La forza della presa negli anziani

Sebbene la correlazione tra forza di presa e salute sia presente in tutti i gruppi di età, nelle persone più mature essa si rivela un indicatore particolarmente valido di mortalità, infarti, cadute e fratture. Questo perché la forza di presa è un indicatore eccellente della perdita di massa muscolare legata all’età, nota come sarcopenia. Di conseguenza, alcuni esperti suggeriscono di considerare la forza di presa come un “nuovo segno vitale”, accanto a indicatori di salute più tradizionali come temperatura corporea, frequenza cardiaca, respirazione e pressione sanguigna. La forza di presa non è solo un numero, ma un riflesso della nostra salute complessiva e della nostra capacità di affrontare le sfide della vita.

Primo piano di un braccio muscoloso che tiene un manubrio, enfatizzando forza e fitness.
La forza di presa è un indicatore o un sostituto di una maggiore robustezza fisiologica.
Do u Tuncer/Pexels

Correlazione e causalità nella forza di presa

La ragione per cui la forza di presa si rivela un predittore meno potente di longevità nei giovani rispetto agli anziani è legata al fatto che la maggior parte dei giovani si colloca vicino all’estremità superiore delle prestazioni fisiologiche. Le differenze di salute tra i giovani sono relativamente minime rispetto al “rumore” introdotto da errori di misurazione o variazioni casuali. Con l’avanzare dell’età, tuttavia, la salute degli individui presenta una variabilità molto più marcata, mentre le fonti di errore rimangono sostanzialmente costanti. Questo aumento del rapporto segnale-rumore porta a una correlazione molto più forte tra forza di presa e salute nella vita avanzata, rendendo questo indicatore cruciale per la popolazione anziana.

La comunicazione della scienza e le esagerazioni

Ma come si è giunti a questa esagerazione? Il problema risiede spesso nella comunicazione. Le informazioni tendono a essere semplificate, e l’associazione tra forza di presa e longevità può essere travisata in prescrizioni. Quando si confliggono correlazione e causalità, si può erroneamente affermare che esercitarsi per migliorare la forza di presa, senza un miglioramento della salute generale, possa prolungare la vita. Tuttavia, il fatto che due variabili siano collegate non implica che una causi l’altra.

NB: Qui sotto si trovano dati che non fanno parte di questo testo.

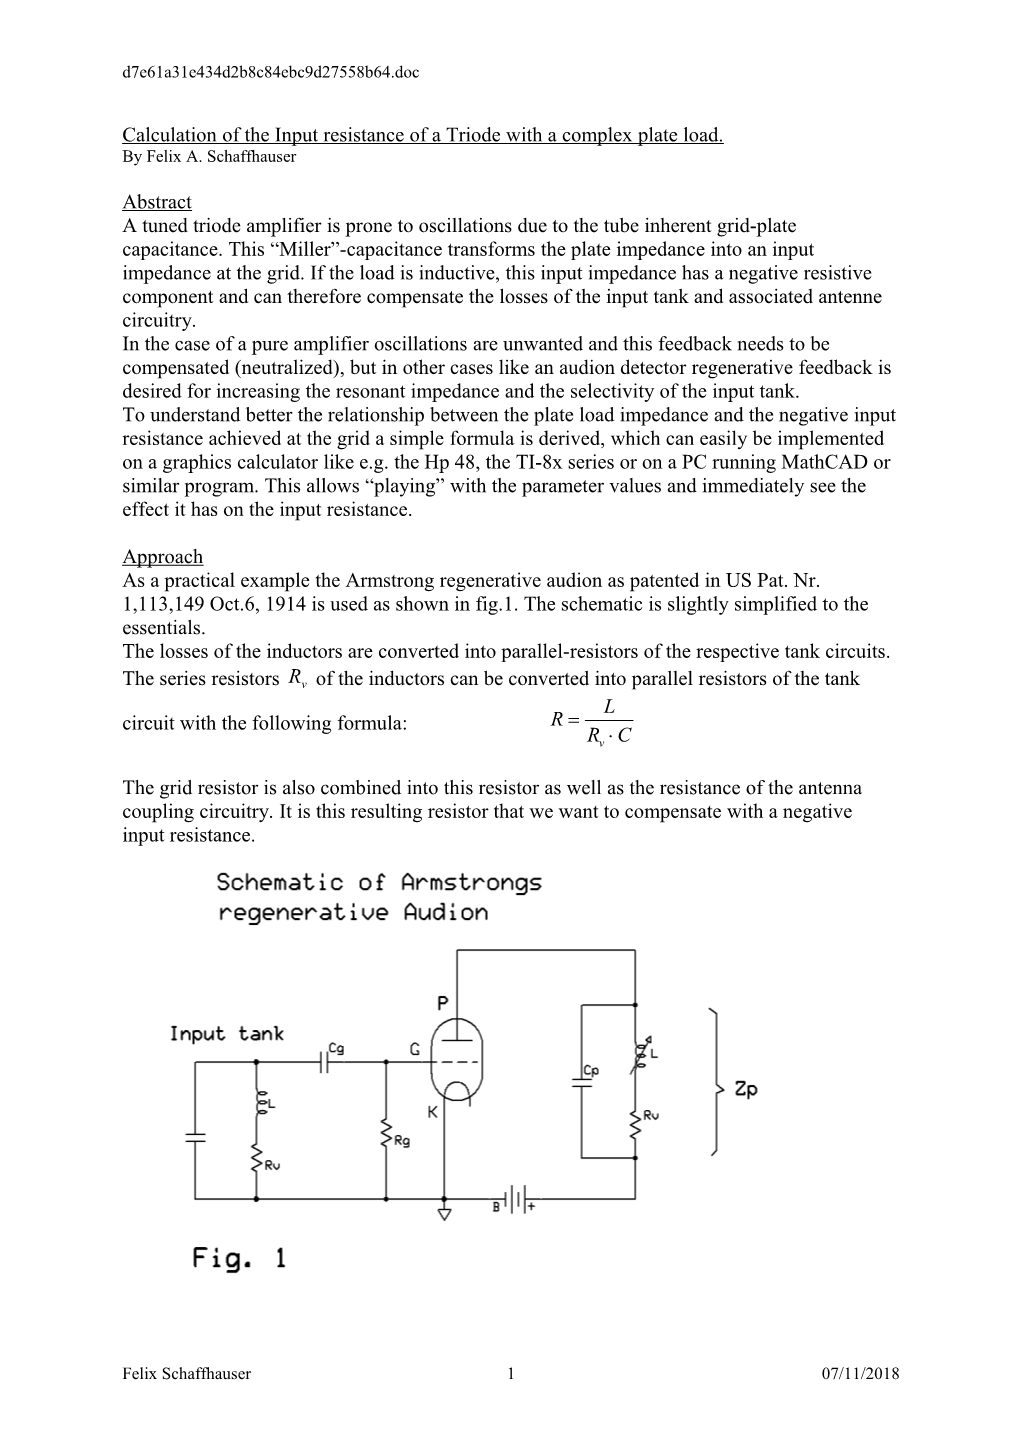 Calculation of the Input Resistance of a Triode with a Complex Plate Load

Migliorare la forza di presa non rappresenta una soluzione magica per la longevità; piuttosto, essa funge da indicatore di una maggiore robustezza fisiologica, che a sua volta influisce sulla durata della vita. È interessante notare che alcuni articoli e video chiariscono la scienza dietro questa relazione, ma poi, paradossalmente, offrono suggerimenti su come aumentarla, indebolendo il messaggio che la relazione non è causale.

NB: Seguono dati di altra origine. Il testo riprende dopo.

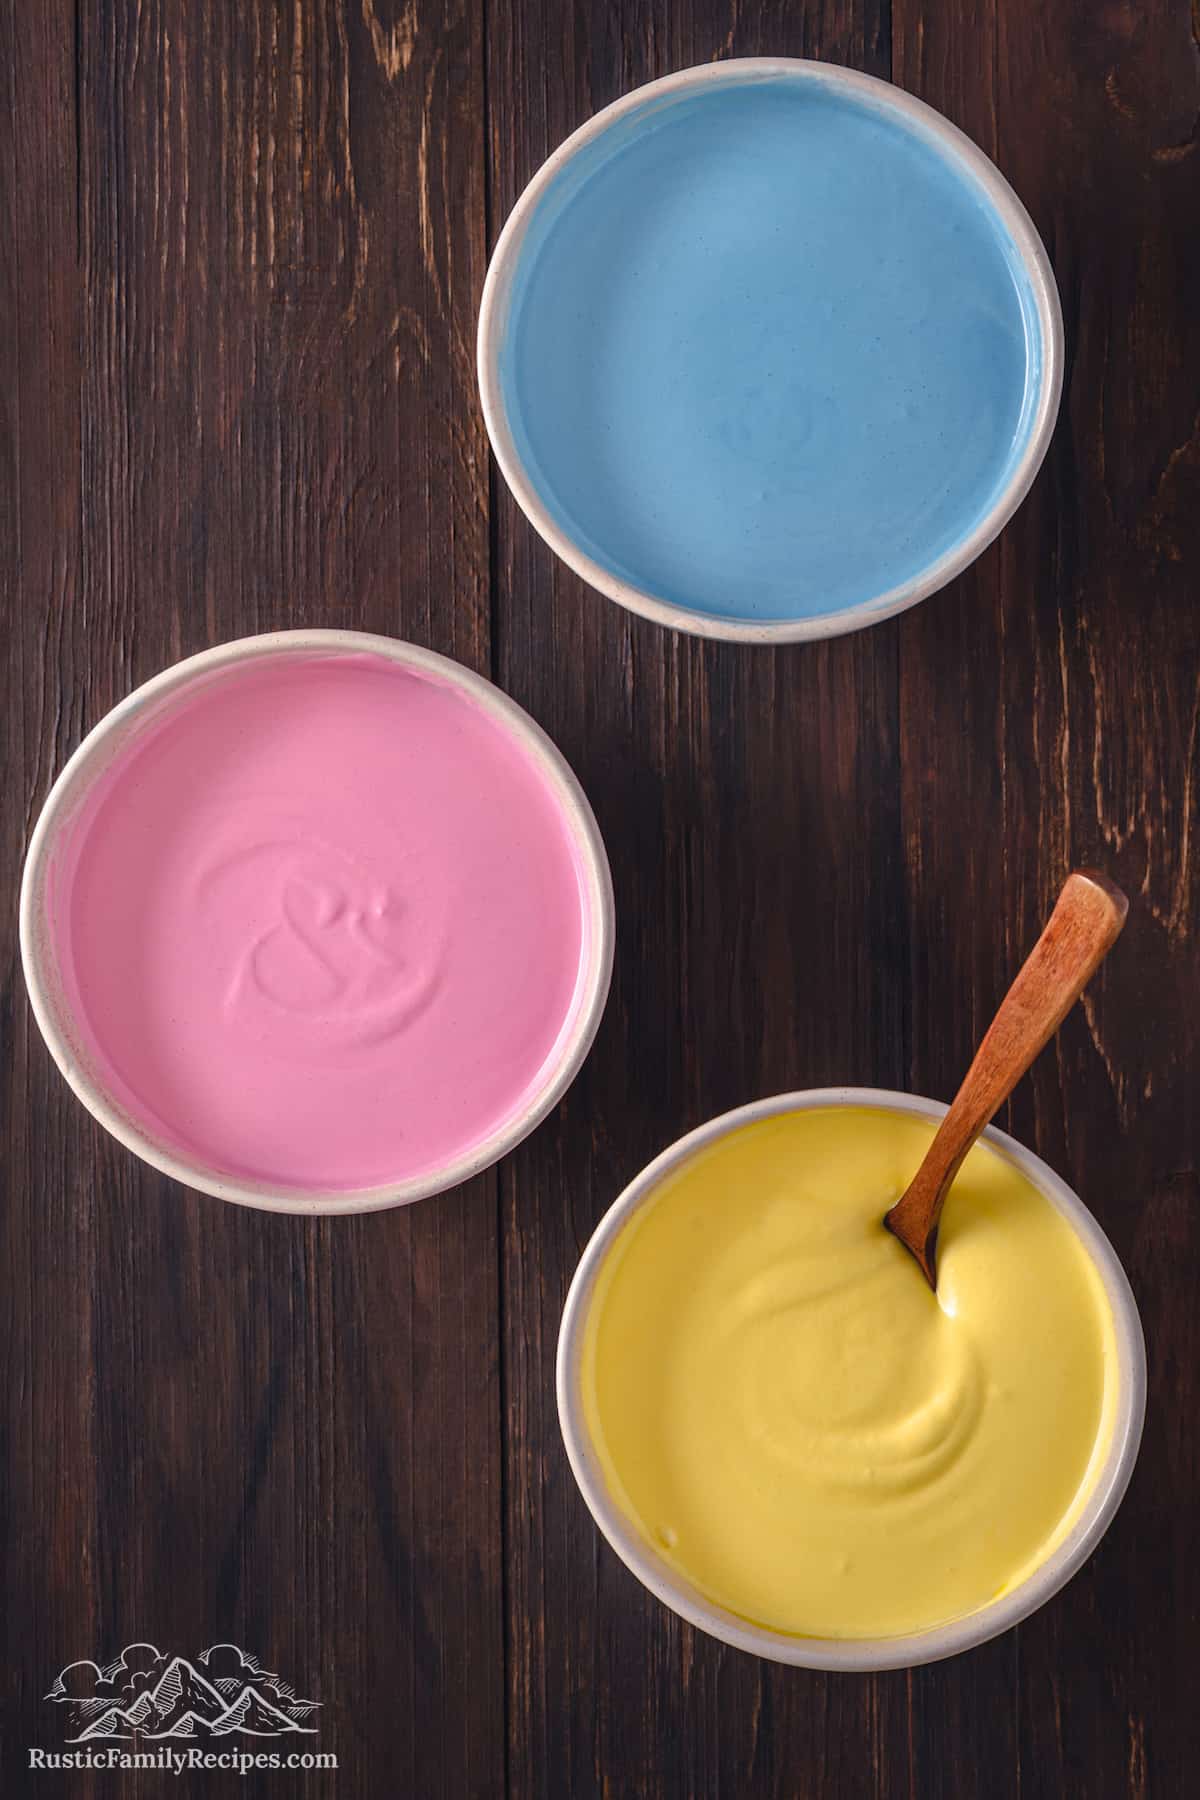 Top view of the three color varieties for Superman ice cream in separate bowls.

Conclusioni sulla forza della presa e il benessere

In sintesi, la forza di presa rappresenta un indicatore semplice e accessibile per prevedere salute e longevità, in particolare tra le persone anziane. Tuttavia, migliorare la forza di presa in modo isolato non garantirà una salute migliore né allungherà la vita. I fattori più efficaci per il benessere e la longevità rimangono quelli ben noti, come mantenere uno stile di vita attivo, seguire una dieta equilibrata, garantire un buon riposo, coltivare relazioni sociali e gestire lo stress. È fondamentale adottare un approccio olistico alla salute, piuttosto che concentrarsi su un singolo indicatore come la forza di presa.